Welsh Government says it cannot underwrite Circuit of Wales

But the project will continue with further negotiations

THE Welsh Government has said that it cannot underwrite the £357m of Circuit of Wales but although the future of the project now looks uncertain, CEO Michael Carrick has said that the project will continue with further negotiations.

After taking legal advice, Edwina Hart MP has said that there is an ‘unacceptable risk’ for the Welsh government to underwrite the project.

A decision on whether the investment of taxpayers’ money into the project is classified as state aid was expected earlier this week. Using taxes in this way is illegal under European Union Law, but lawyers for the Circuit of Wales had maintained that the circuit could provide up to 6,000 jobs in the area.  

Hart’s reluctance to sign-off the project could result in it collapsing.

In conjunction with the Circuit of Wales, the government has been working to find a workable solution, so far without success, but has said that it will support the project if new investors can step in.

An open letter from Hart to Welsh First Minister Carwyn Jones, Hart said:

‘As you will be aware we have been working to support this project for a significant period of time and have already in effect spent around £9m in support of its development. We also explored sharing the risk with several local authorities, and as you are aware that option also failed unfortunately. 

‘In these last few days we have considered that a guarantee of 80% of the total value of the project may have reduced our risk to an acceptable level, but the circuit have not been able to secure any real private risk capital and so this option has not been possible.’

Ministers had agreed to provide a grant of £16m to support the jobs created by the Circuit of Wales but negotiations began to stall once the Welsh Government was asked to provide financial guarantee to the funding from Aviva, which is privately backing the scheme.

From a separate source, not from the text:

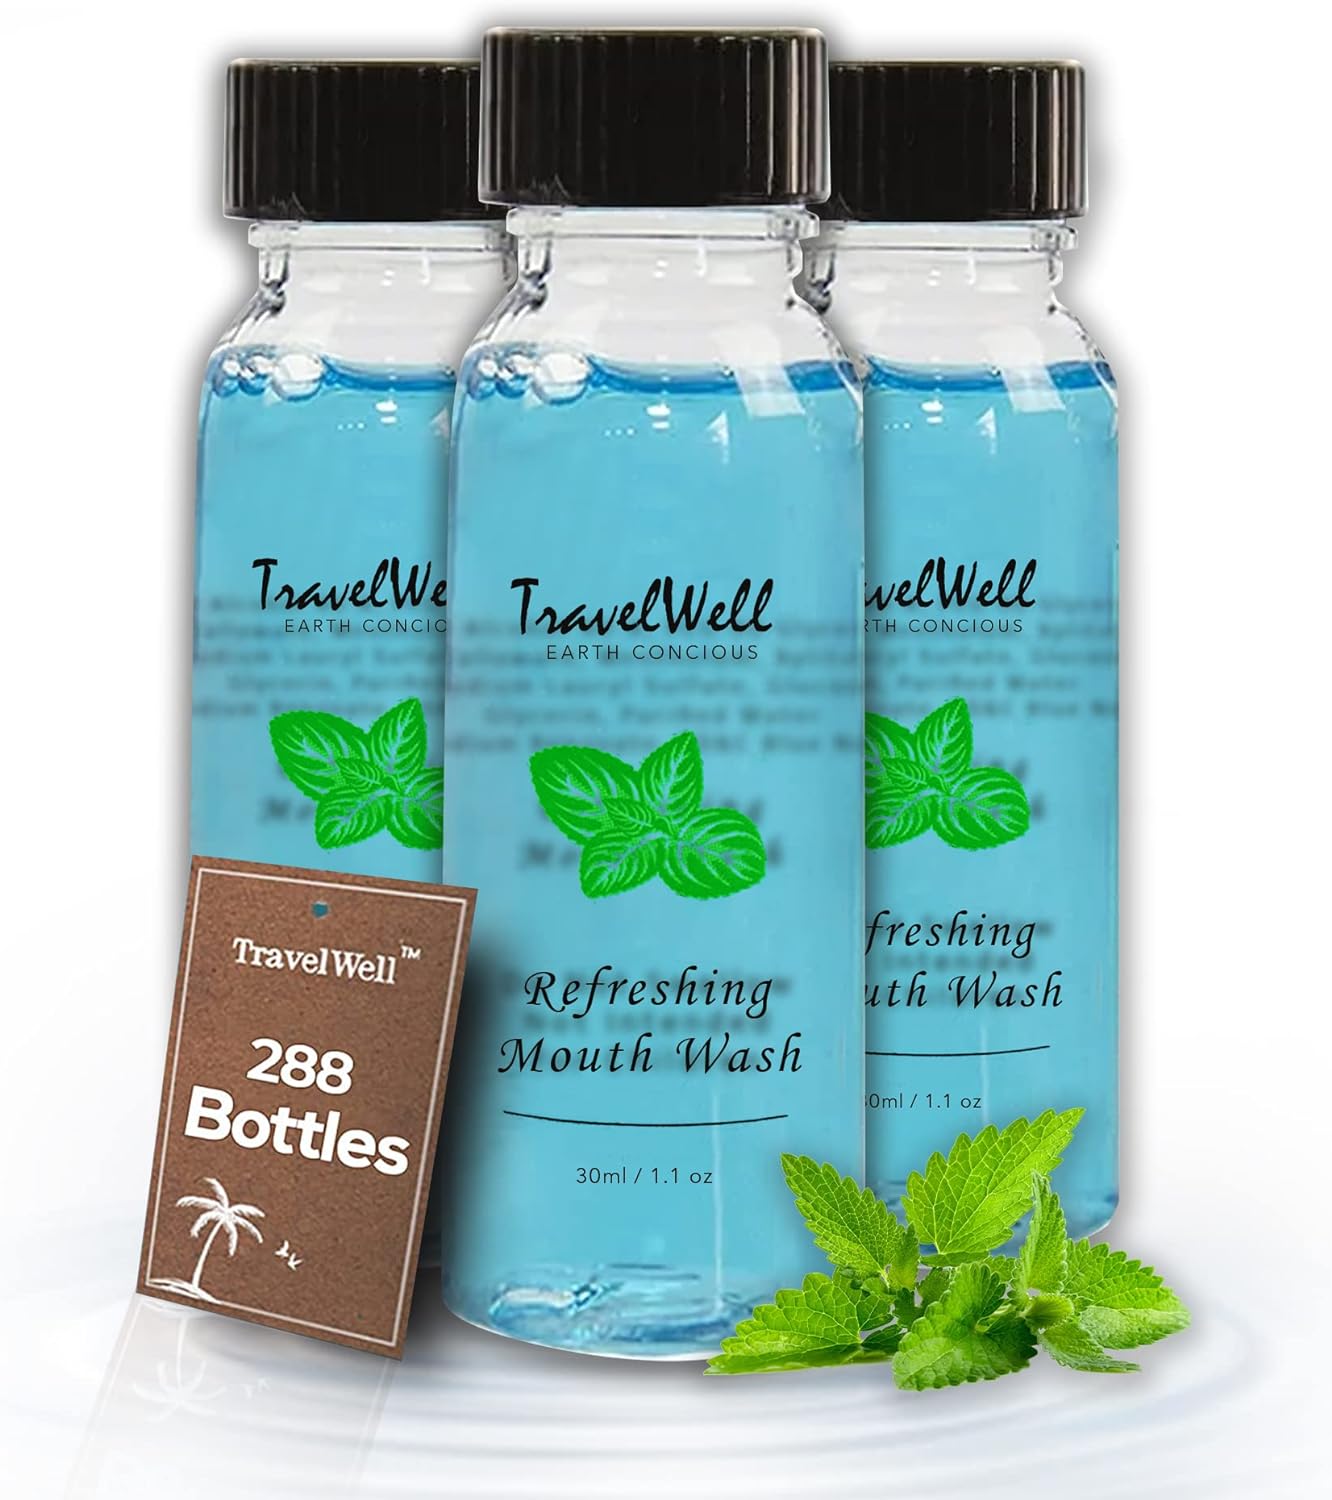 TRAVELWELL Individually Wrapped Hotel Toiletries Amenities Disposable Outlast Mouthwash Bulk Travel Size,Long Lasting Mint,1  ,288 Bottles per Case

Michael Carrick, CEO of Heads of The Valleys Development Company which is behind the project, has confirmed talks with the Welsh government and Aviva will continue with the plan now delayed.

‘We respect and understand the minister's decision on the support for a 100% guarantee for our private funding,” Carrick said. “While this was our clear preference and reflective of the negotiations we have held over the past six months, we accept that the project will need to progress on revised terms.

‘We will continue negotiations with the Welsh Government, the local authorities and Aviva Investors to advance the development on revised terms that will be acceptable to all parties.’

The Circuit of Wales has secured a five-year deal with Dorna which began last year. Dorna had originally hoped to move the British MotoGP to Wales in 2017  but after delays in confirming financial backing MotoGP had been delayed, with the Welsh circuit was expected to take over hosting duties in 2018.